▶ Task instructions
Every line of the data below should be repeated exactly, and no picture should be copied.

▶ Source data
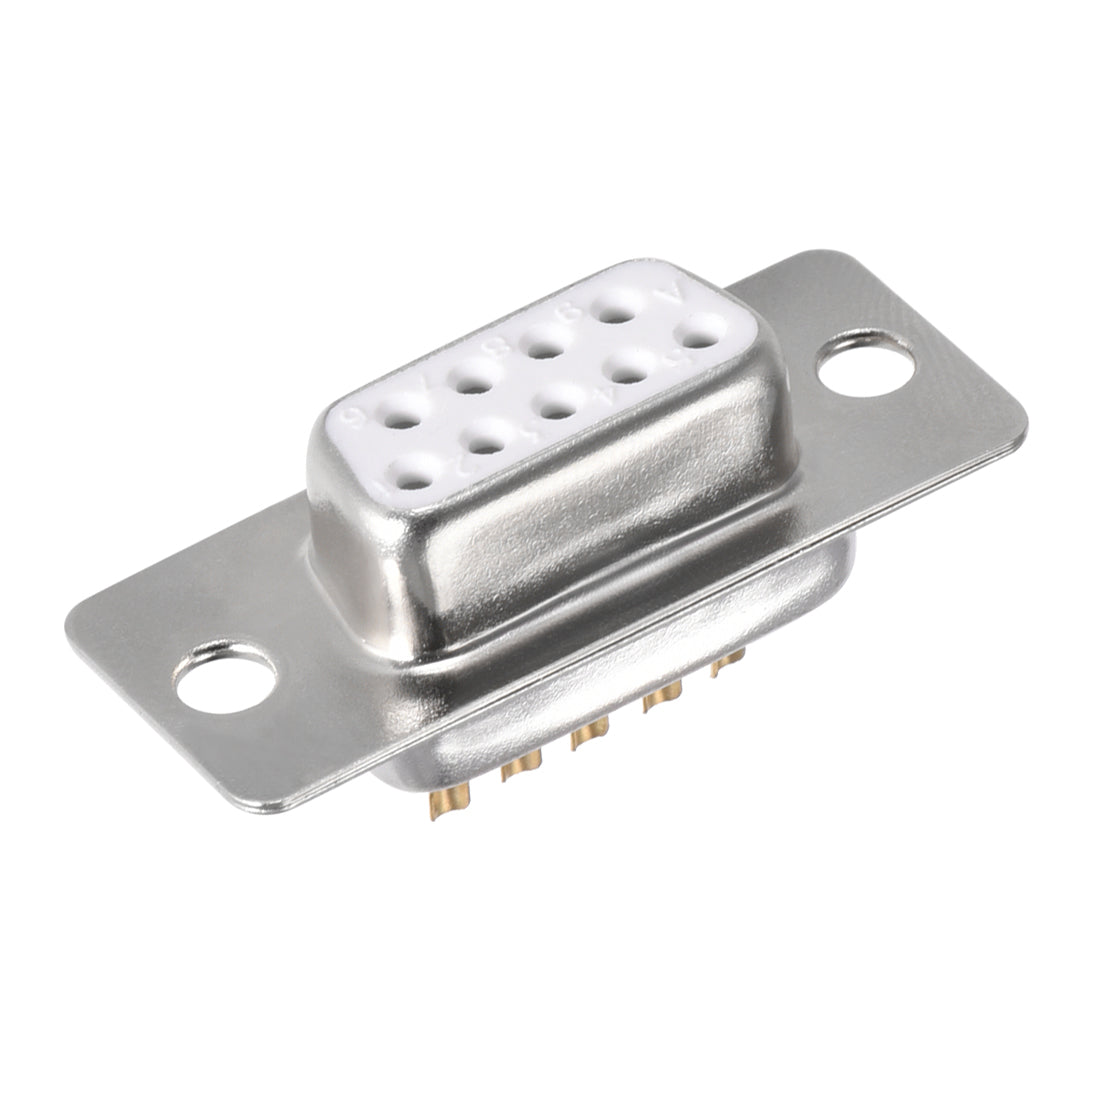 uxcell Uxcell D-sub Connector DB9 Female Socket 9-pin 2-row Port Terminal Breakout for Mechanical Equipment CNC Computers White 8pcs
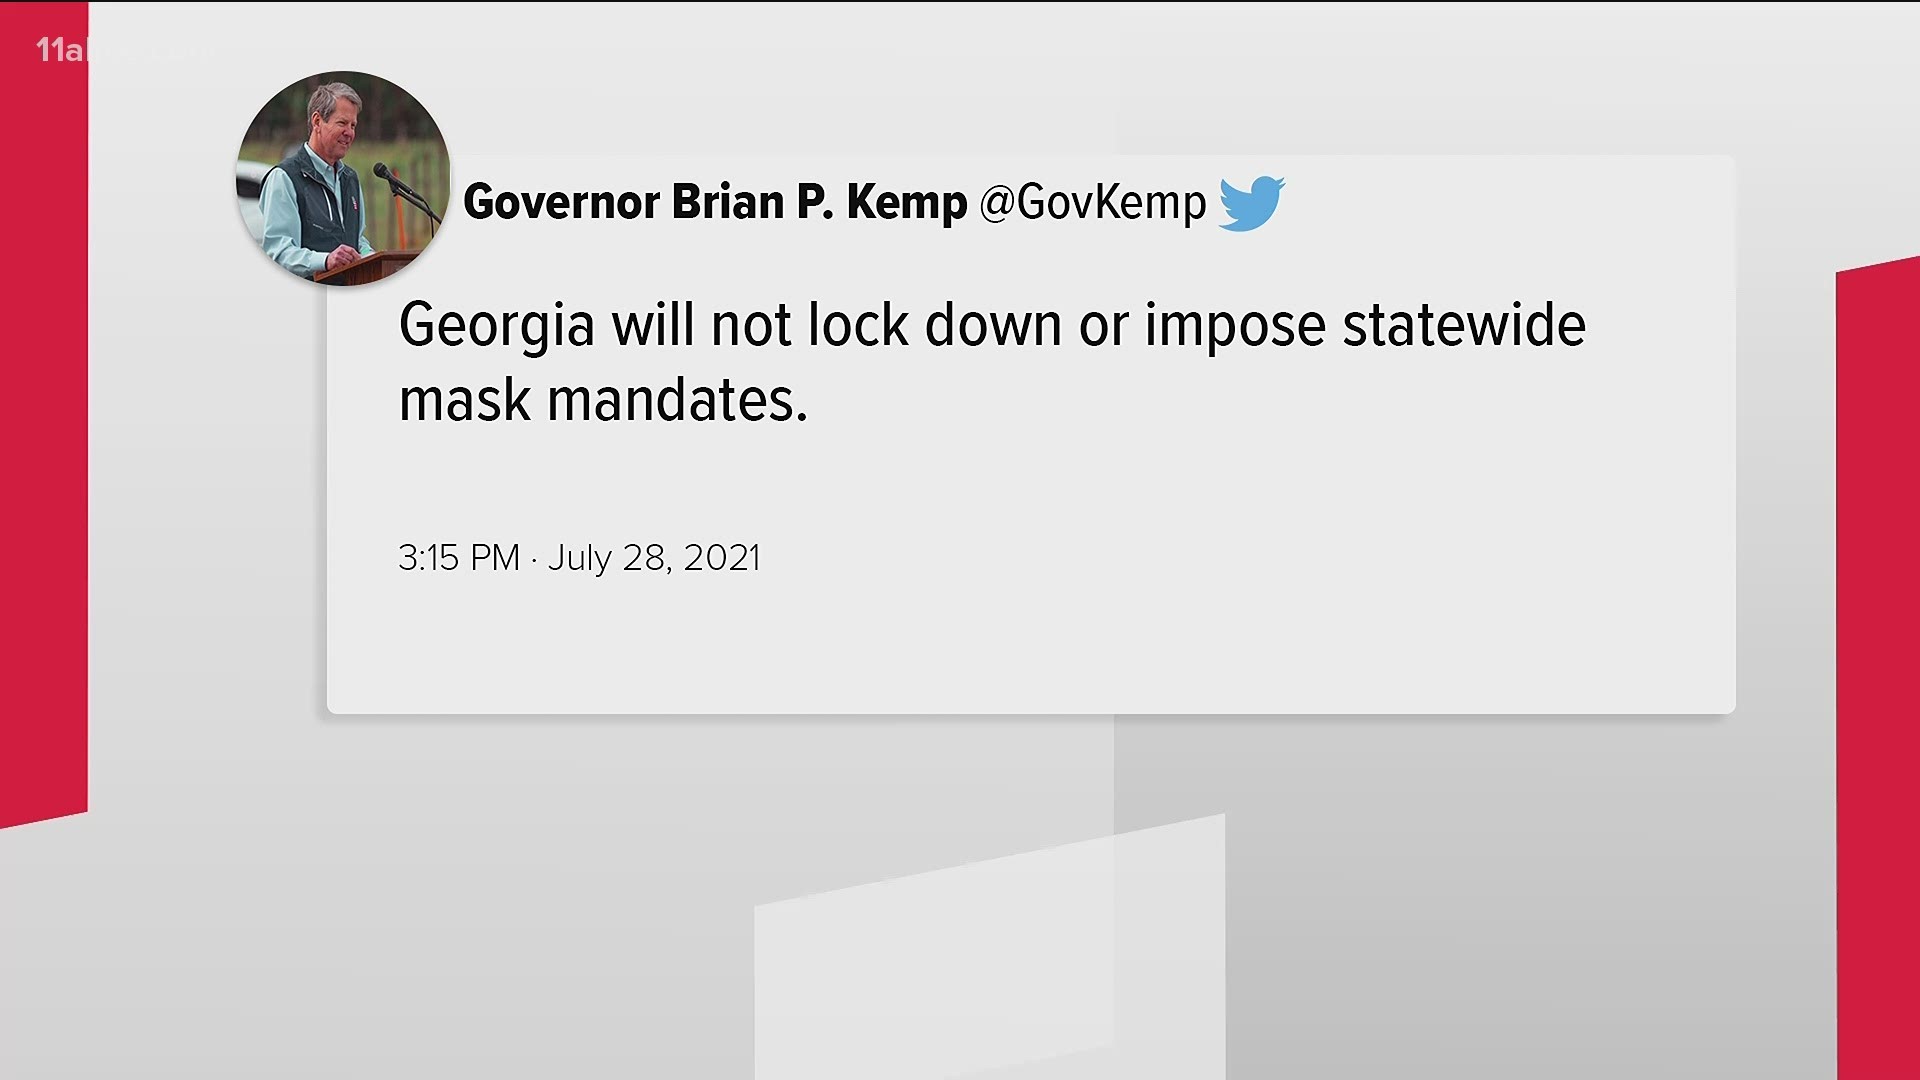 Georgia Gov. Brian Kemp made his stance clear, he has no intention of ordering a statewide mask mandate even through the CDC's guidance has shifted.
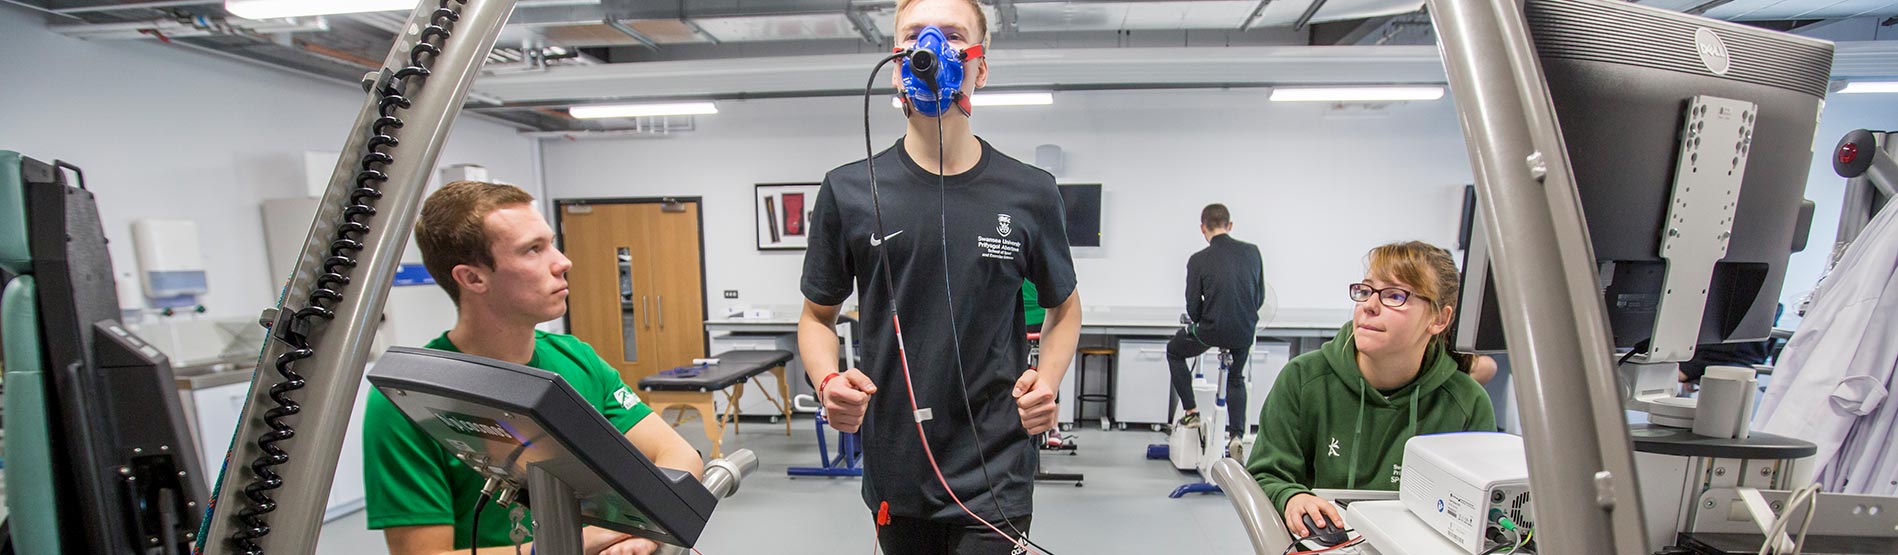 Sport and Exercise Sciences - Swansea University

▶ Exercise output
 uxcell Uxcell D-sub Connector DB9 Female Socket 9-pin 2-row Port Terminal Breakout for Mechanical Equipment CNC Computers White 8pcs
 Georgia Gov. Brian Kemp made his stance clear, he has no intention of ordering a statewide mask mandate even through the CDC's guidance has shifted.
 Sport and Exercise Sciences - Swansea University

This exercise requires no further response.